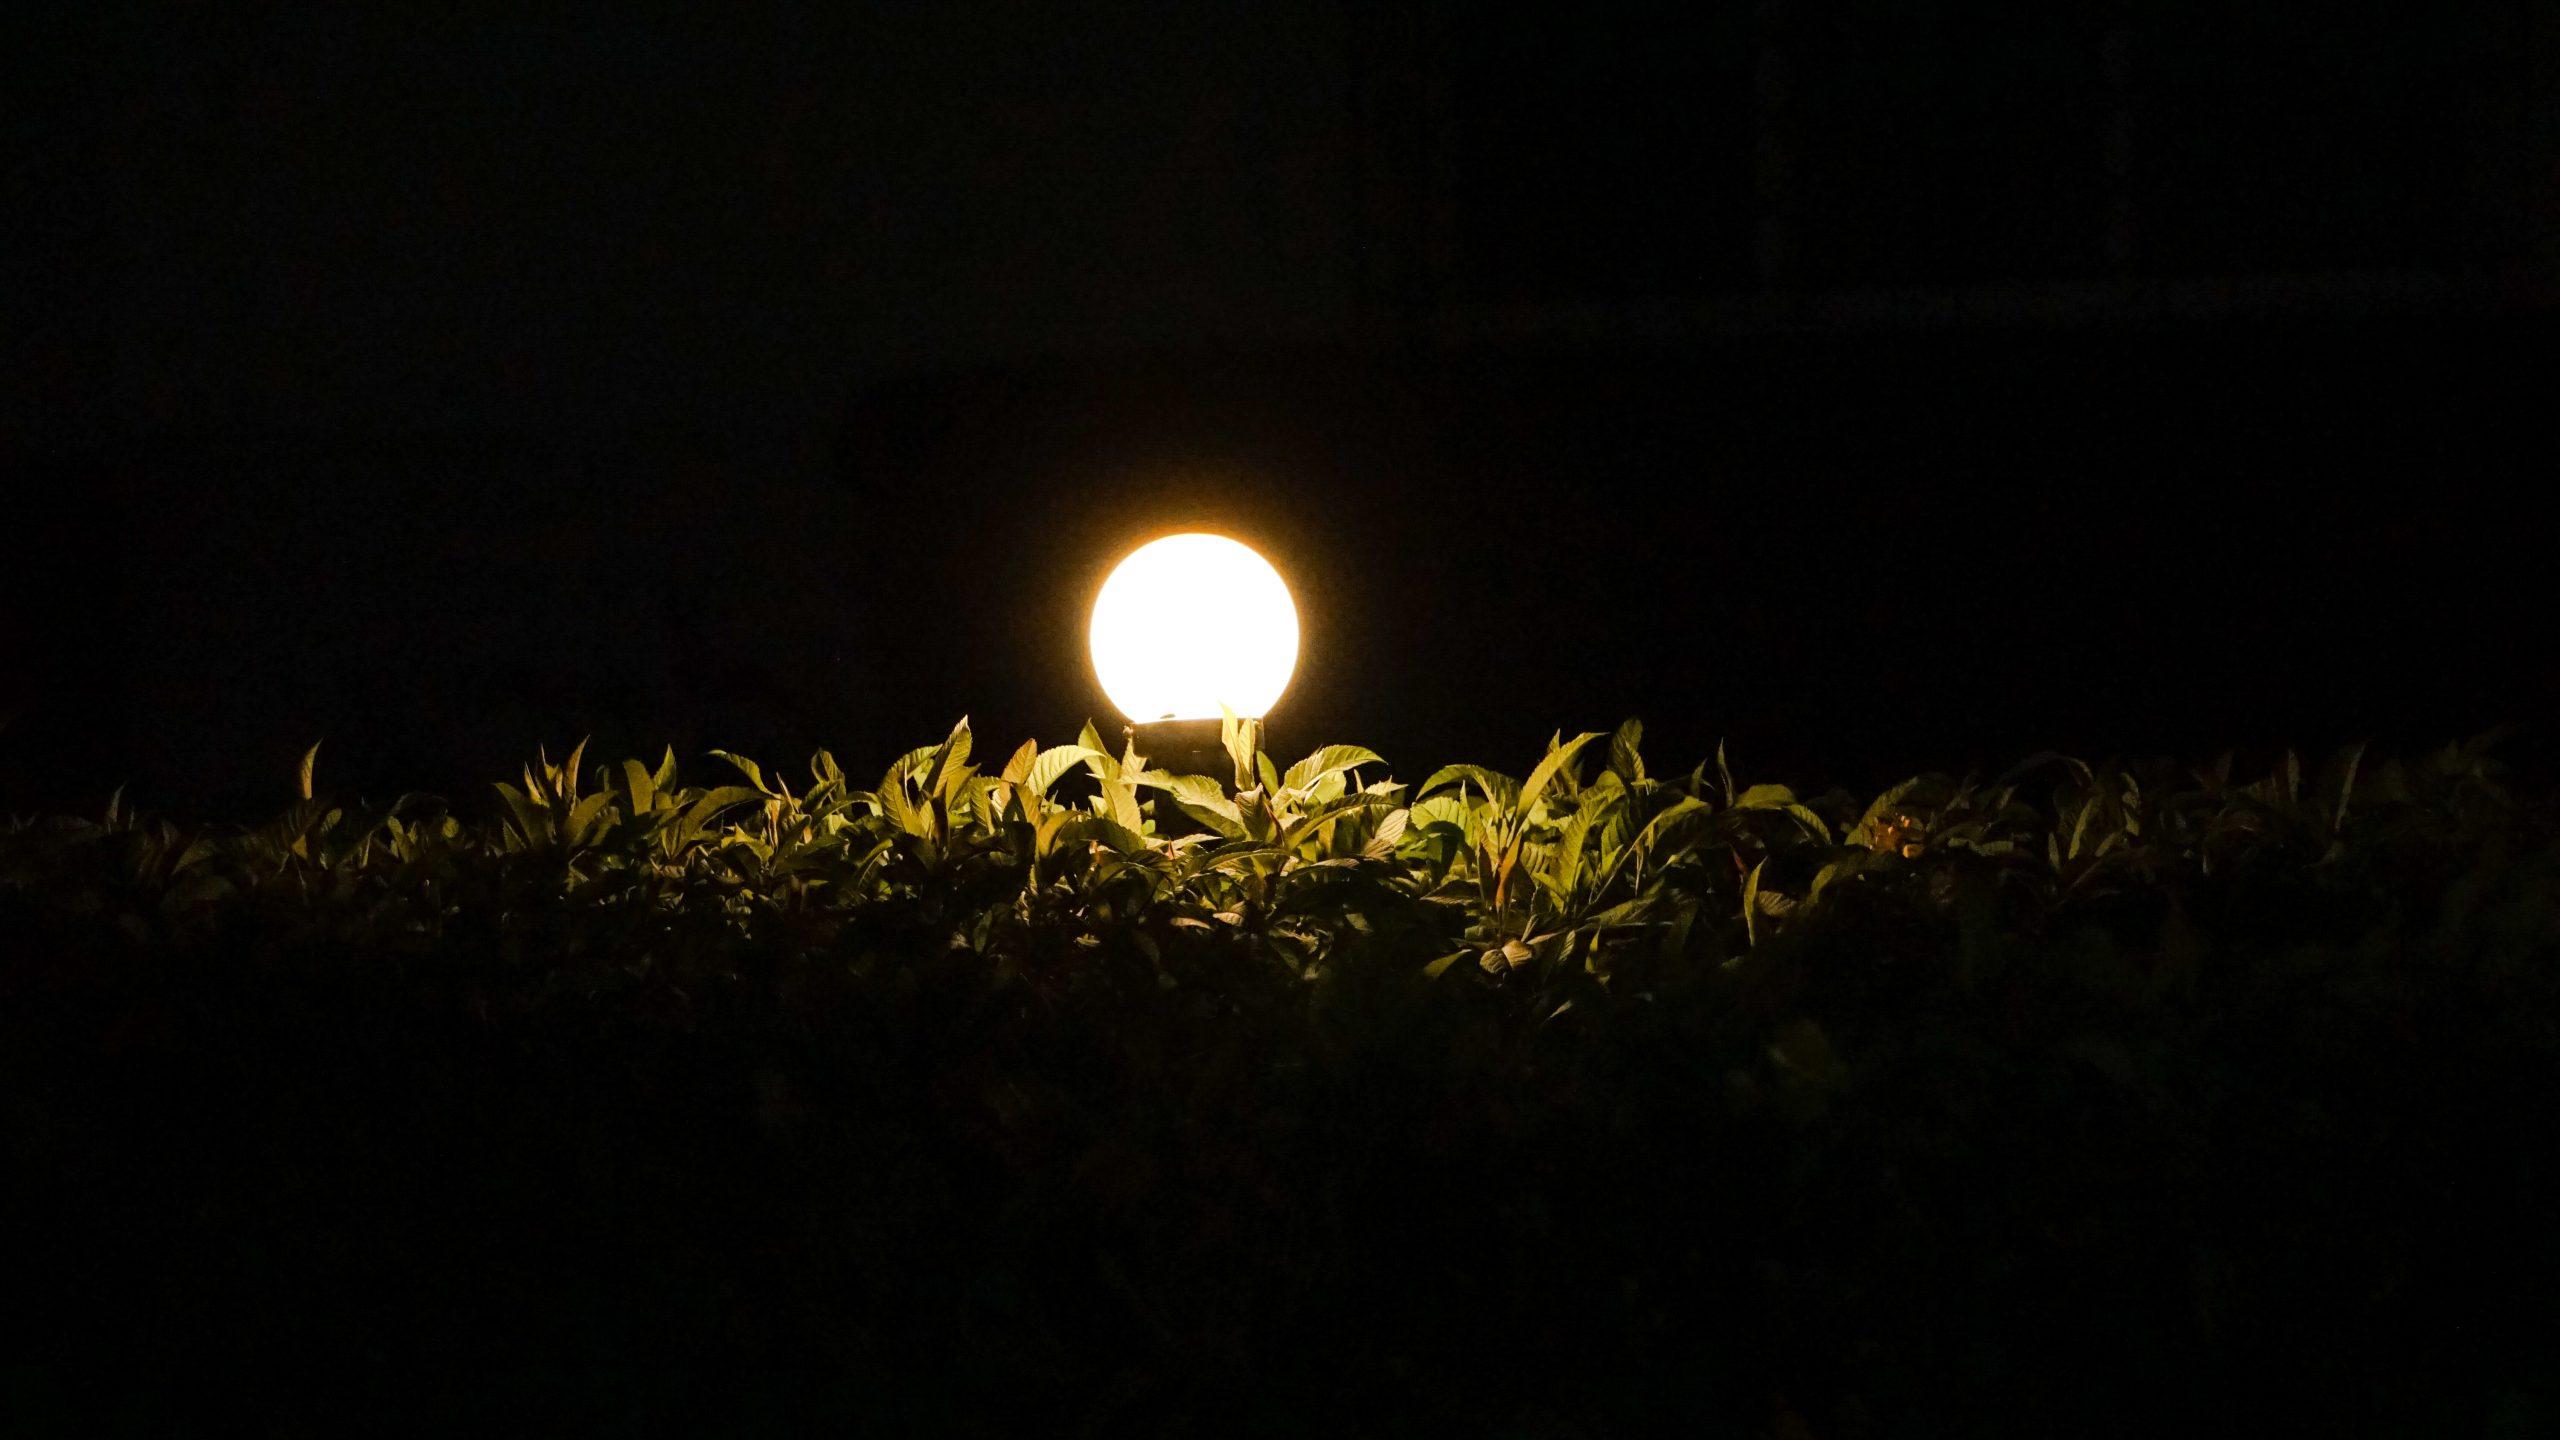 light illuminating the leaves
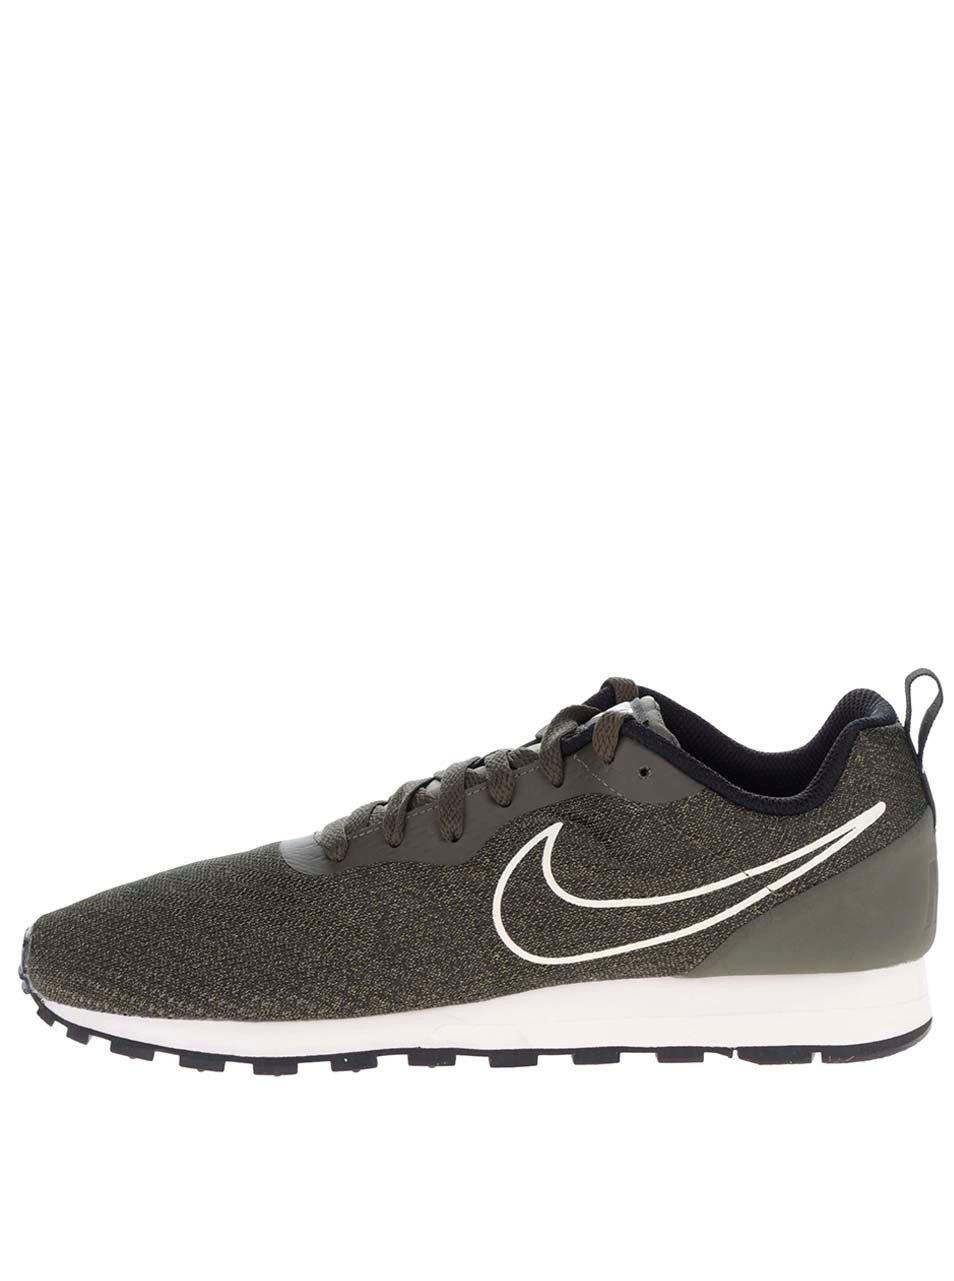 Zelené pánske tenisky Nike MD runner 2 ... 8f68fd33610
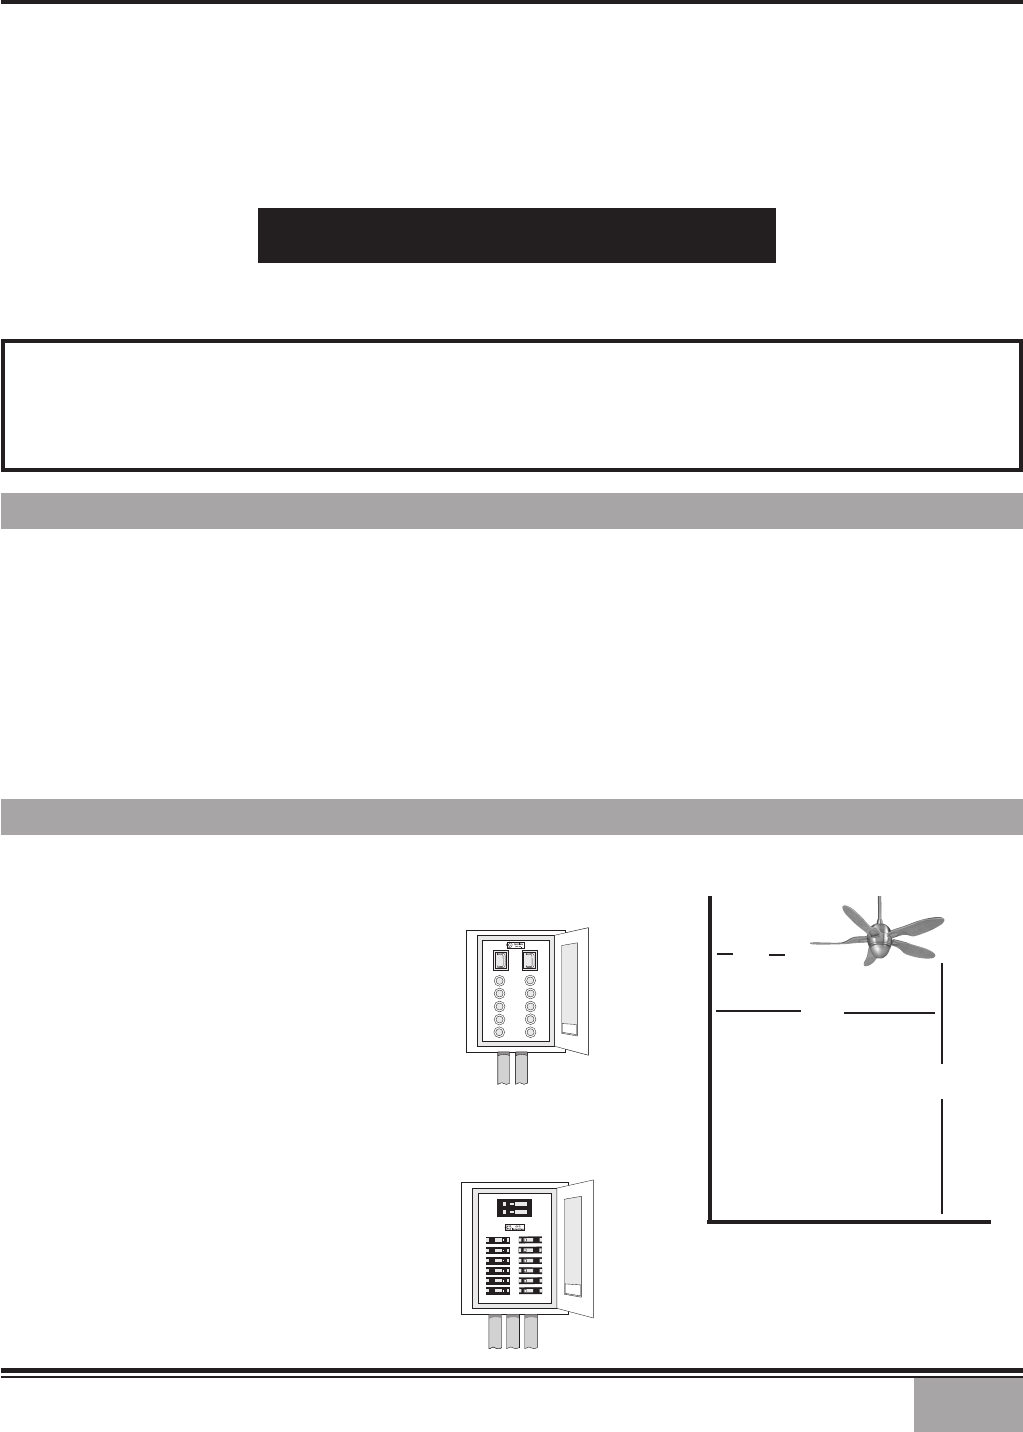 Casablanca Fan Company Modena Ii C10gxxm Users Manual Switch Wiring Diagram

**WORK INSTRUCTIONS:** From the material above, output every line exactly as written, dropping any picture.

**EXPECTED ANSWER:**
 light illuminating the leaves
 Zelené pánske tenisky Nike MD runner 2 ... 8f68fd33610
 Casablanca Fan Company Modena Ii C10gxxm Users Manual Switch Wiring Diagram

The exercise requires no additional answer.